在componentDidMount中,我输入了一个从Firebase中获取一些数据的函数,每次用户想要再次获取时都可以调用该函数。
问题是第一次获取不会更新。制作完之后,我想更新dataSource的数组,但不会更新它。它会通过加载旋转状态进行更新。
以下是代码:
constructor(props) {
super(props);
const rowHasChanged = (r1, r2) => r1 !== r2
// DataSource configured
ds = new ListView.DataSource({ rowHasChanged })
this.state = {
isLoading: true,
dataSource: ds,
};
}
componentDidMount() {
this.fetchGroups()
}
fetchGroups() {
firebase.database().ref('groups/numbers').once("value", (snap) => {
snap.forEach((snapshot) => {
firebase.database().ref('groups/' + snapshot.val()).once('value').then((snapshot) => {
getparticipant = snapshot.val().participant
var instantPrice
switch (true) {
case (getparticipant <= 3):
instantSpace= snapshot.val().spaceOne
break;
case (getparticipant <= 10):
instantSpace= snapshot.val().spaceTwo
break;
case (getparticipant <= 20):
instantSpace= snapshot.val().spaceThree
break;
case (getparticipant > 20):
instantSpace= snapshot.val().spaceFourth
break;
}
dataObject.push({
title: snapshot.val().type + ' ' + snapshot.val().brand,
groupId: snapshot.val().groupID,
description: snapshot.val().model,
icon: snapshot.val().icon,
partners: snapshot.val().participant,
finalDate: snapshot.val().timeMerge,
space: instantSpace,
photo: snapshot.val().adminPhoto
})
})
})
}).then(() => {
console.log(dataObject)
this.setState({
dataSource: ds.cloneWithRows(dataObject),
isLoading: false
})
console.log(this.state.isLoading)
console.log(this.state.dataSource)
})
}
答案 0 :(得分:3)
setState是asynchronous operation。
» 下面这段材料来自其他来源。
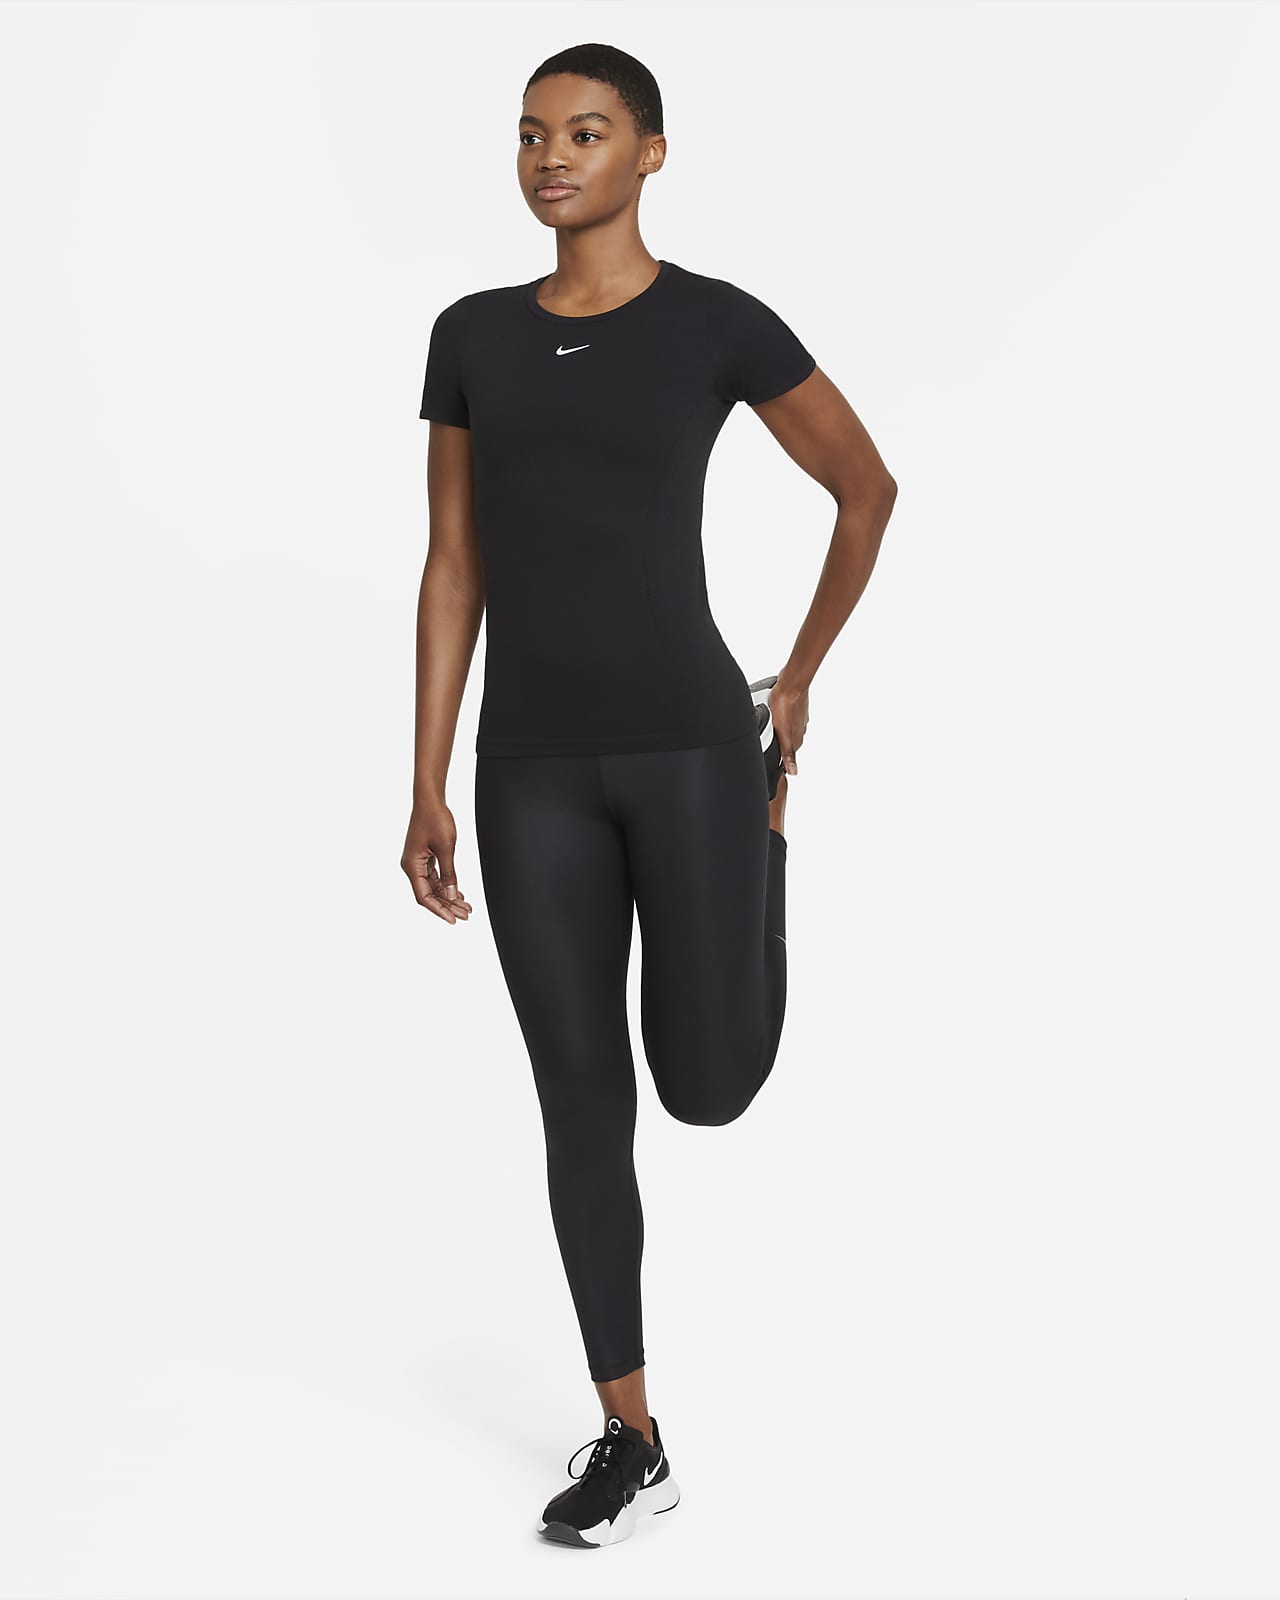 Women\'s Dri-FIT Slim-Fit Aura Nike Top. ADV Short-Sleeve LU Nike

因此,您不会马上拥有它的最新价值。
如果需要访问其最新更改,可以使用:
this.setState({
dataSouce: ds.cloneWithRows(dataObject),
isLoading: false,
}, () => {
console.log(this.state.isLoading)
console.log(this.state. dataSource)
})
const asyncOperation = () => new Promise(resolve => setTimeout(resolve, 2000))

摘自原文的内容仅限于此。